Jupiter is the most massive planet in the Solar System and its gravitational pull is second only to the Sun’s. Jupiter’s powerful gravity does more than dictate Io’s orbit. It warps the moon and forces it to deform, generating heat.
“The gravity from Jupiter is incredibly strong,” Pettine said. “Considering the gravitational interactions with the large planet’s other moons, Io ends up getting bullied, constantly stretched and scrunched up. With that tidal deformation, it creates a lot of internal heat within the moon.”
Io has no ocean, so the heat melts rock, creating a likely magma ocean inside the moon. That magma works its way up through the surface, erupting as volcanoes and lava flows. The gases from the magma colour the surface of the moon in reds, yellows, and browns.
To understand what’s happening inside Io, Pettine and her colleagues worked with a mathematical equation called spherical harmonic decomposition. This equation allows scientists to analyze data from a spherical surface and break it down, revealing patterns and important features.
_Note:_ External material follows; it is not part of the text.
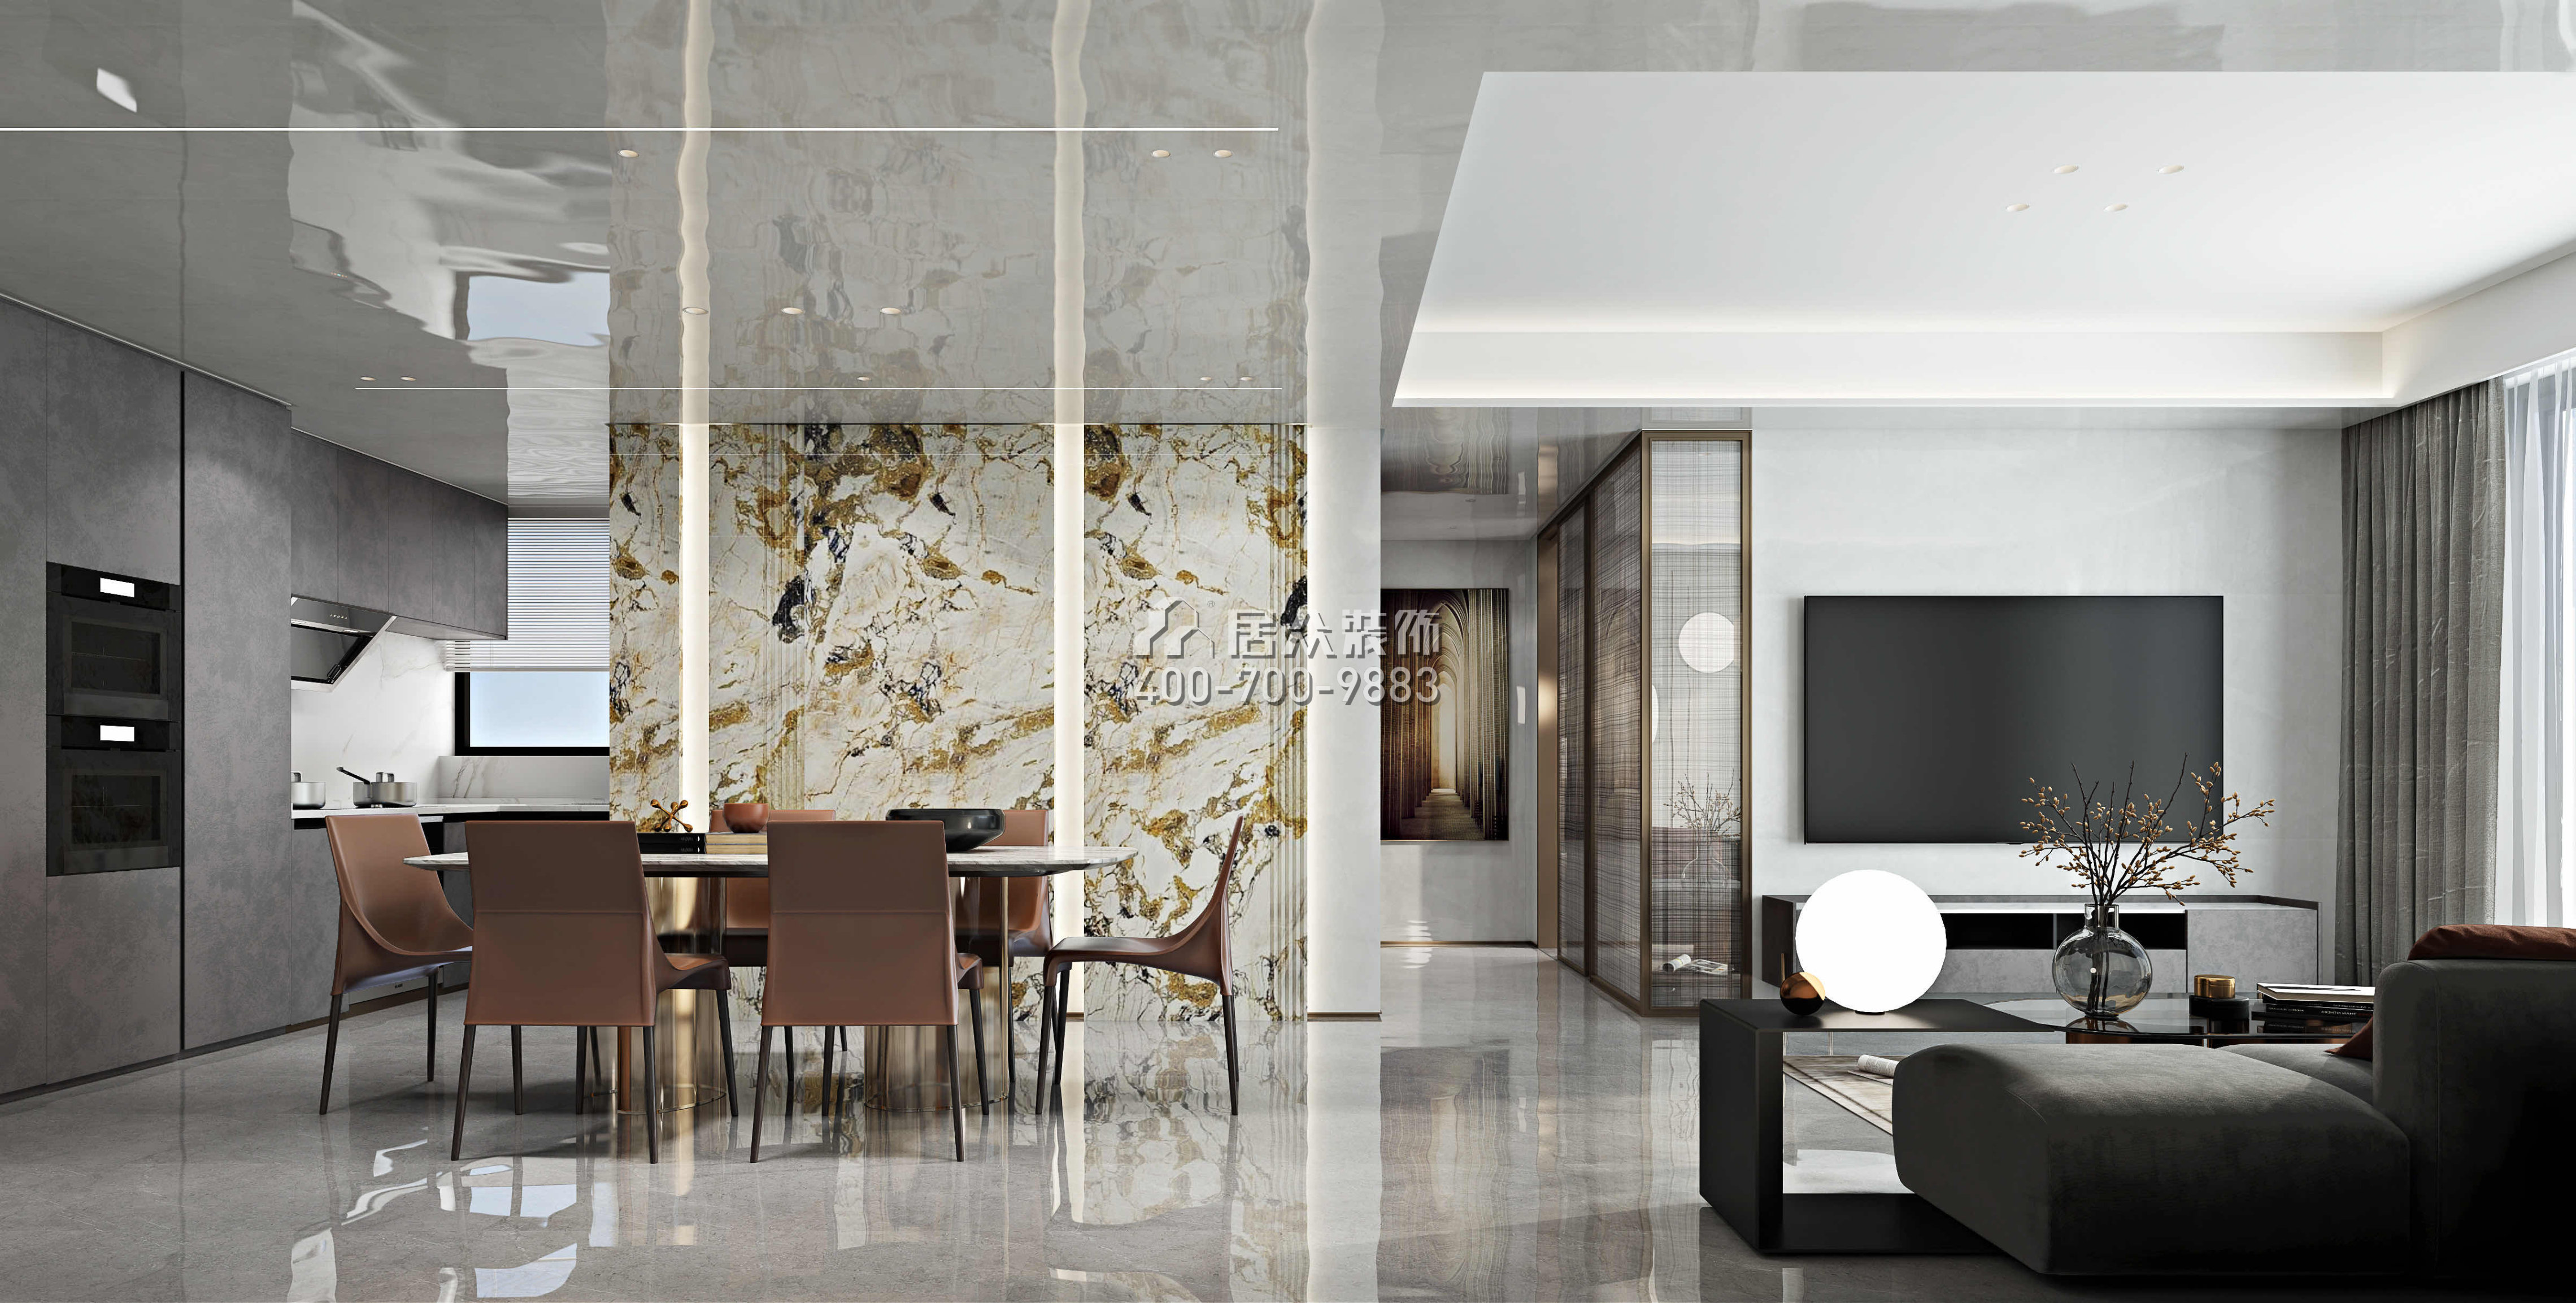 淘金山二期89平方米現代簡約風格平層戶型餐廳裝修效果圖

Previous research shows that most of Io’s volcanic activity is in its equatorial region, although some volcanoes have been detected on its poles. In this work, it revealed systems of bright volcanoes at high latitudes.
“Our observations confirm previously detected systems of bright volcanoes at high latitudes,” the authors write. “While our map agrees with previous studies that suggest that low?to mid?latitude areas see the highest areas of volcanic activity, our map suggests that the poles of Io are comparably active to the equator.”
Pettine and her co-researchers compared their global heat flux maps with three different models that attempt to explain what’s going under Io’s surface: the Deep Mantle model, the Asthenospheric model, and the Global Magma model.
The Deep Mantle Model says that tidal heating keeps a large portion of the mantle in a molten state. The Asthenospheric Model says that less of the mantle is molten and that only the asthenosphere is in a molten state due to tidal heating. This is more similar to Earth. The Global Magma Ocean model is a more extreme interpretation of the data and says that a greater portion of Io’s interior is molten, perhaps extending from just below the surface to greater depths.
The researchers also created a complete global map of heat flux produced by volcanic hot spots. “Viewing this flux on both a linear and a logarithmic scale better illustrates individual volcanic behaviour and global heat flow variations, particularly the lowest-flux regions,” the authors write.
“Our study finds that both poles are comparably active and that the observed flux distribution is inconsistent with an asthenospheric heating model, although the south pole is viewed too infrequently to establish reliable trends,” the authors explain.
The researchers say that their heat flux maps don’t favour any of the models. “Using spherical decomposition, we find that the distribution of flux is much more uniform than in-line with any of the models,” they write.
For now, a more complete understanding of Io’s tidal heating and volcanic activity is elusive. Juno’s JIRAM observations are just a snapshot of the moon. Over longer time periods, the heat maps will look different and may support different models and conclusions.
“I’m not solving tidal heating with this one paper,” said Pettine. “However, if you think about icy moons in the outer solar system, other moons like Jupiter’s Europa, or Saturn’s Titan and Enceladus, they’re the places that if we’re going to find life in the solar system, it will be one of those places.”
A better understanding of tidal heating will do more than explain aspects of our own Solar System. It may help us understand habitable zones in other solar systems and how exomoons might be heated by giant exoplanets.
That’s why, although Jupiter’s icy moons are prime targets for exploration, with two missions heading to study Europa, Ganymede, and Callisto, we need to keep a scientific eye on Io.
“We need to know how the heat is being generated,” Pettine said. “It’s easier to study tidal heating on a volcanic world rather than peering through a kilometers-thick ice shell that’s keeping the heat covered up.”